Внимательный взгляд на данные табл. 5.13 и прилагаемых к ней диаграмм показывает, насколько значительным стал этот разрыв. В 1954 году младенец, родившийся в Московской области, то есть совсем рядом с Москвой, умирал в первый год жизни на 57 % чаще, чем московский новорожденный. В городах Ярославской, Свердловской, Челябинской, Кемеровской областей и Татарии дети первого года жизни умирали с вероятностью на 75-90 % выше, чем в Москве. Для детей, родившихся в Куйбышевской, Горьковской, Ивановской и Молотовской областях, вероятность смерти в первый год была выше в два раза, в Башкирии – в 2,5 раза. Только после 1954 года это неравенство в шансах на выживание стало постепенно сокращаться, и, как только этот процесс начался, он происходил очень быстро.
Заключение: Советский Союз и «кривая Престона»
В 1920-1930-х годах уровень детской смертности в Советском Союзе соответствовал уровню детской смертности в промышленно развитых странах Западной Европы на 40-80 лет ранее. Германское вторжение привело к разрушению уже устаревшей городской санитарной и жилищной системы, что вкупе с массовым голодом привело к еще большему росту детской смертности. Однако в противовес ожиданиям после 1942 года уровень детской смертности снижается, причем не просто до довоенного уровня, а значительно больше. Более того, эта тенденция оказалась устойчивой. Послевоенный голод 1947 года привел к новому всплеску детской смертности, но после того, как голод отступил, показатели детской смертности вернулись на уровень 1945-1946 годов. Этот процесс шел крайне неравномерно, не всем регионам удалось быстро оправиться: Урал вернулся к показателям до 1947 года только в начале 1950-х годов. Процесс восстановления и улучшения интенсивнее всего шел в Москве, где уровень детской смертности быстро стал значительно ниже, чем в тыловых промышленных регионах.

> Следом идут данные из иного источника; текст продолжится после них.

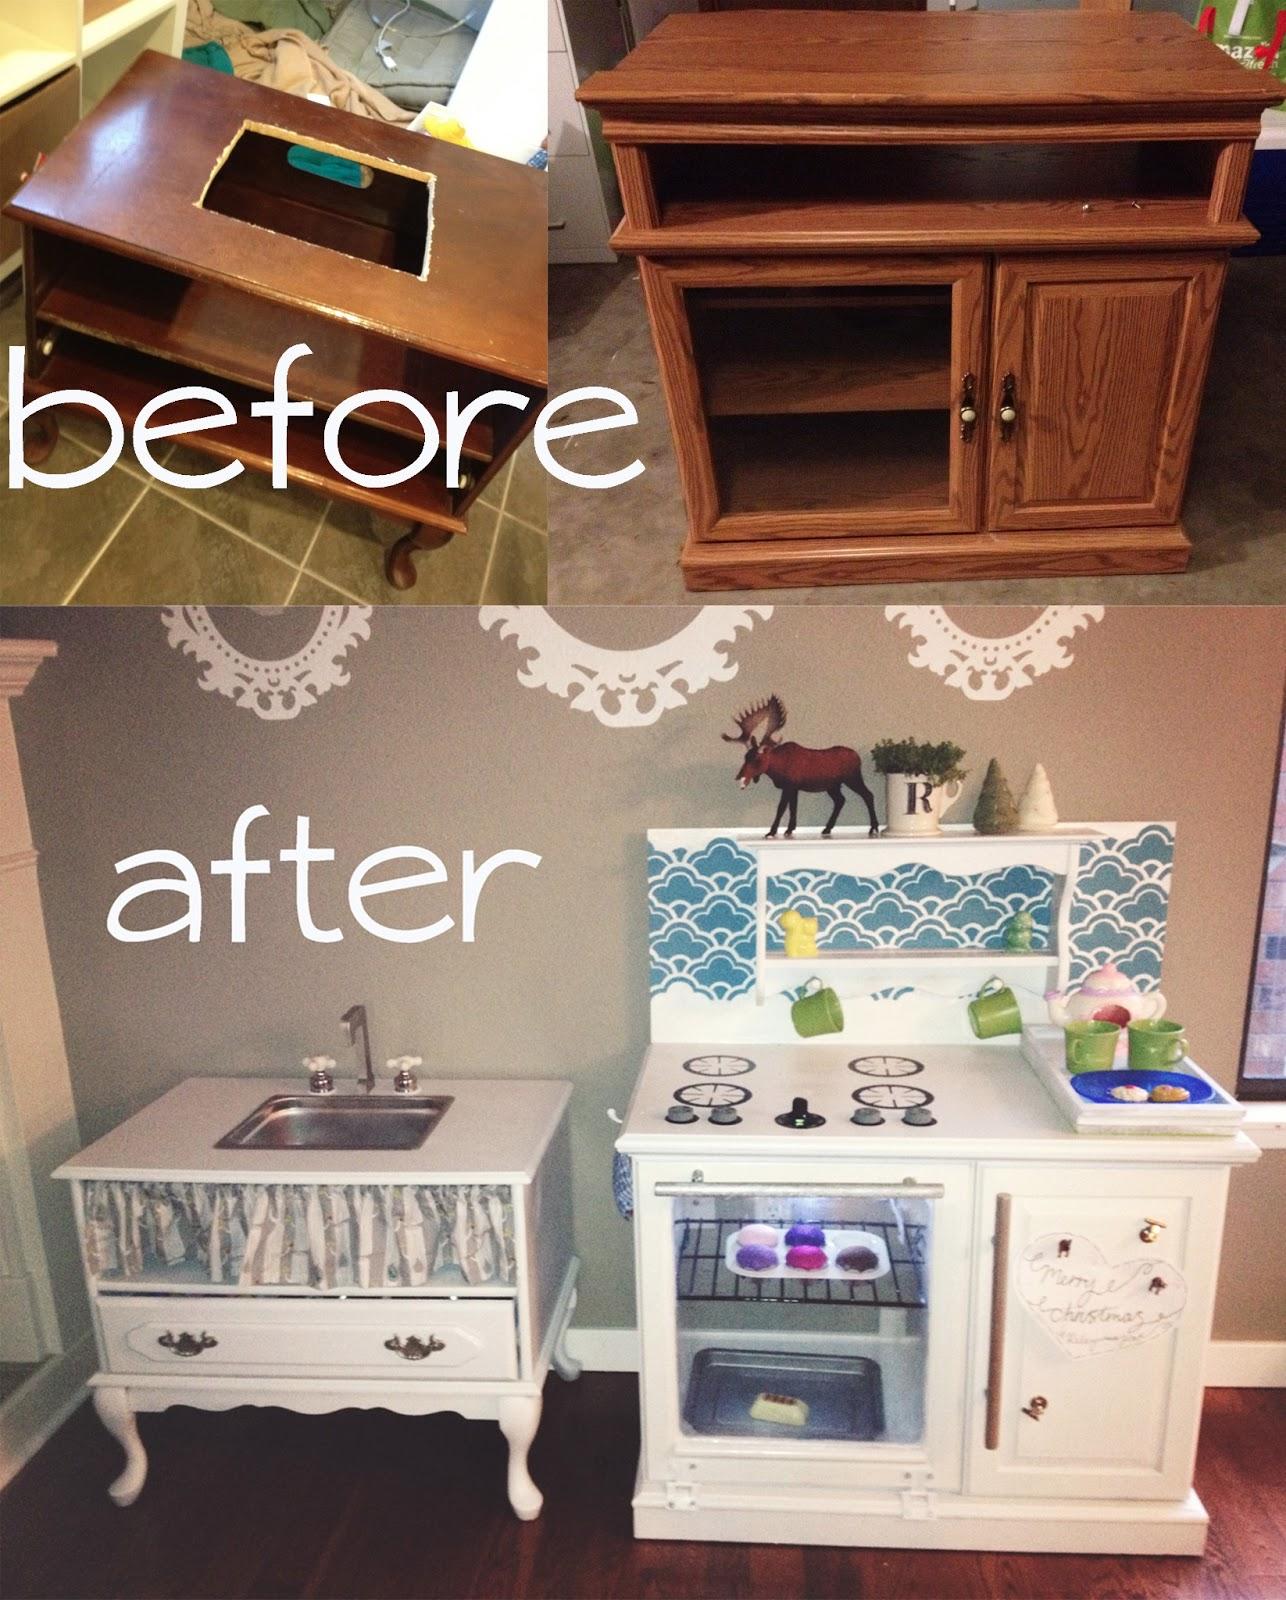 Inspiring Second Hand Cabinets 4 Dark Cherry Kitchen: Adventures In Crafting By KatyANDzucchini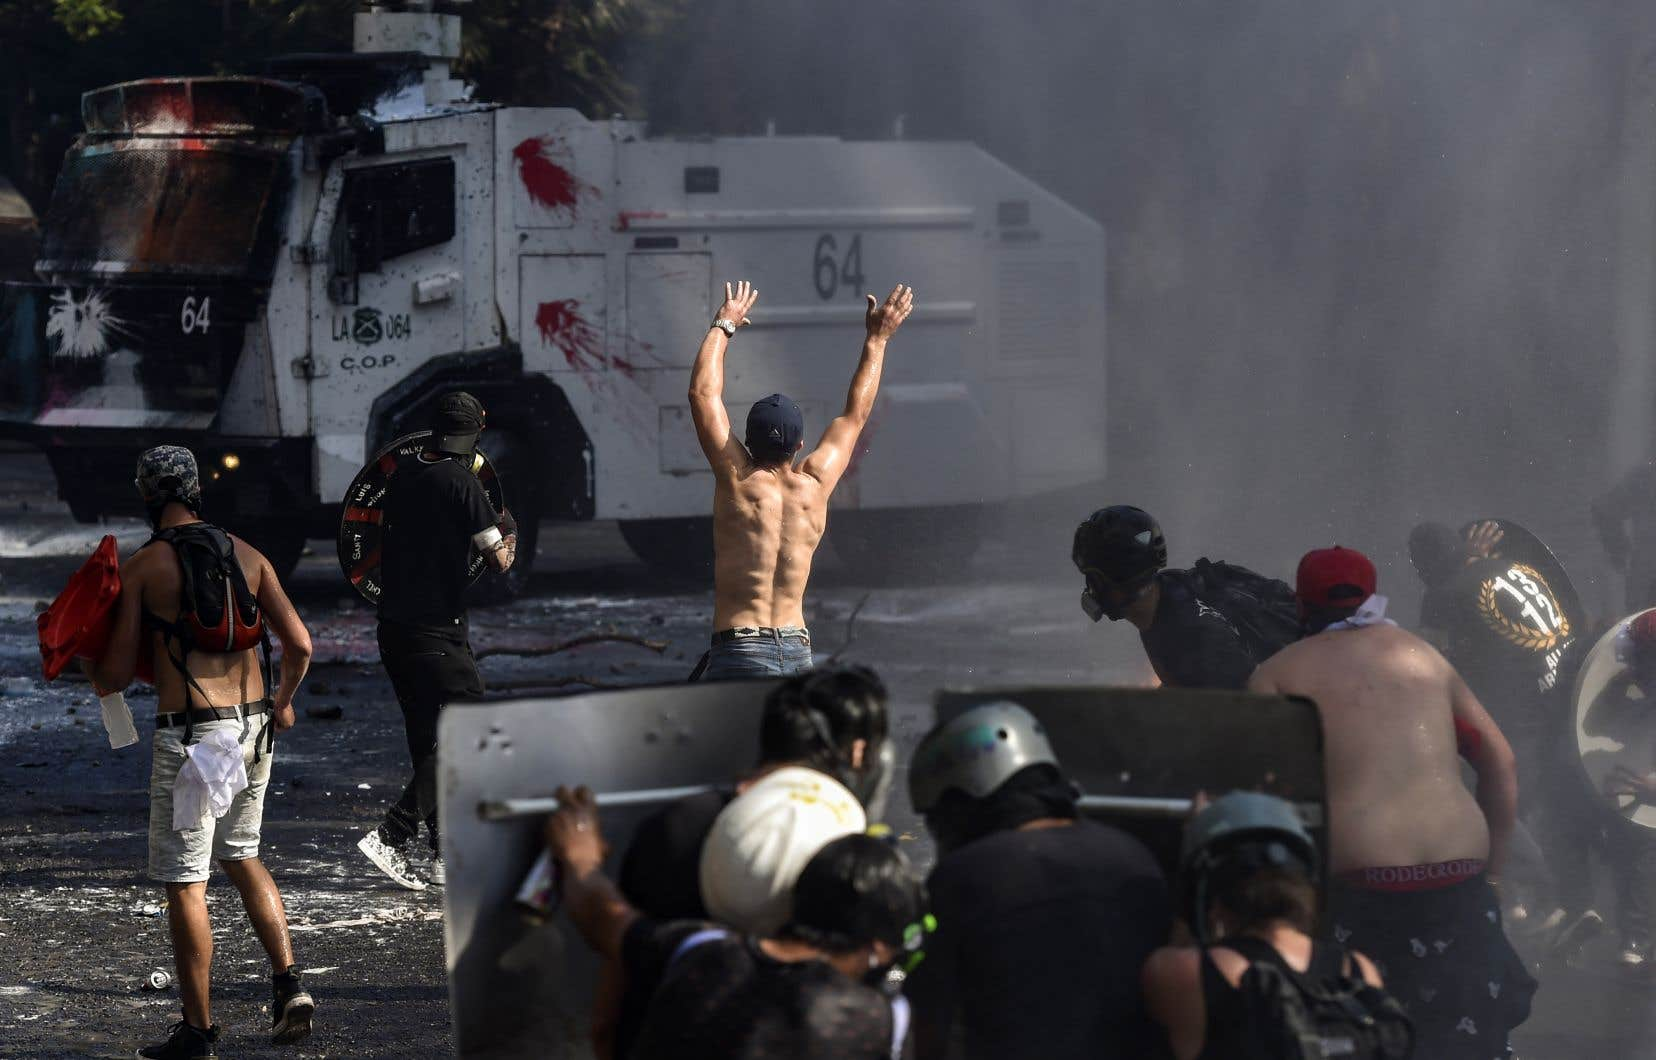 Des affrontements ont éclaté en fin de journée entre manifestants et forces de l'ordre, déployées en masse dans le centre de la capitale.

Несмотря на эту неравномерность, такое снижение уровня детской смертности выглядит странно. Мы знаем, что улучшение ситуации с детской смертностью в викторианской и эдвардианской Британии, а также в Германии эпохи Вильгельмов не происходило в силу какого-то одного фактора. Скорее, речь шла о сочетании нескольких факторов – улучшение санитарных и жилищных условий, снижение рождаемости, удешевление еды. Ни один из этих факторов не работал в послевоенном СССР. Сохранялась перенаселенность городов, рождаемость быстро росла, улучшения санитарных условий происходили мучительно медленно (а в некоторых местах вообще не происходили), существовал хронический дефицит мыла и принадлежностей для мытья, население страдало от постоянного и продолжительного недоедания. При всех этих сложностях нам следует помнить, что Советский Союз не был викторианской Британией или Германией начала века. Развитие санитарной инфраструктуры, как и уровень детской смертности, отставали от Западной Европы на 40-80 лет. И это не преувеличение, а точная картина того, как после войны выглядела большая часть российских городов, оставшихся в тылу. В то же время Советский Союз смог воспользоваться или позаимствовать некоторые медицинские достижения Запада. Здесь умели прививать детей, лечить дифтерию и тифозную лихорадку. Здесь начали применять, пусть и в примитивных формах, западные стандарты эпидемиологического контроля и иммунизации для снижения масштабов заражения и доли смертельных случаев от кори среди младенцев и малолетних детей. Использование примитивной, но эффективной вакцины помогло снизить смертность от тифа во время войны. Уже в 1930-е годы начали прививать детей от туберкулеза. После войны стали ограниченно использовать антибиотики, в том числе сульфаниламиды для лечения дизентерии и пенициллин для лечения пневмонии. Все эти методики применялись среди населения, обитавшего в ужасных жилищных и санитарных условиях, постоянно подвергавшегося угрозе заболевания[550]
.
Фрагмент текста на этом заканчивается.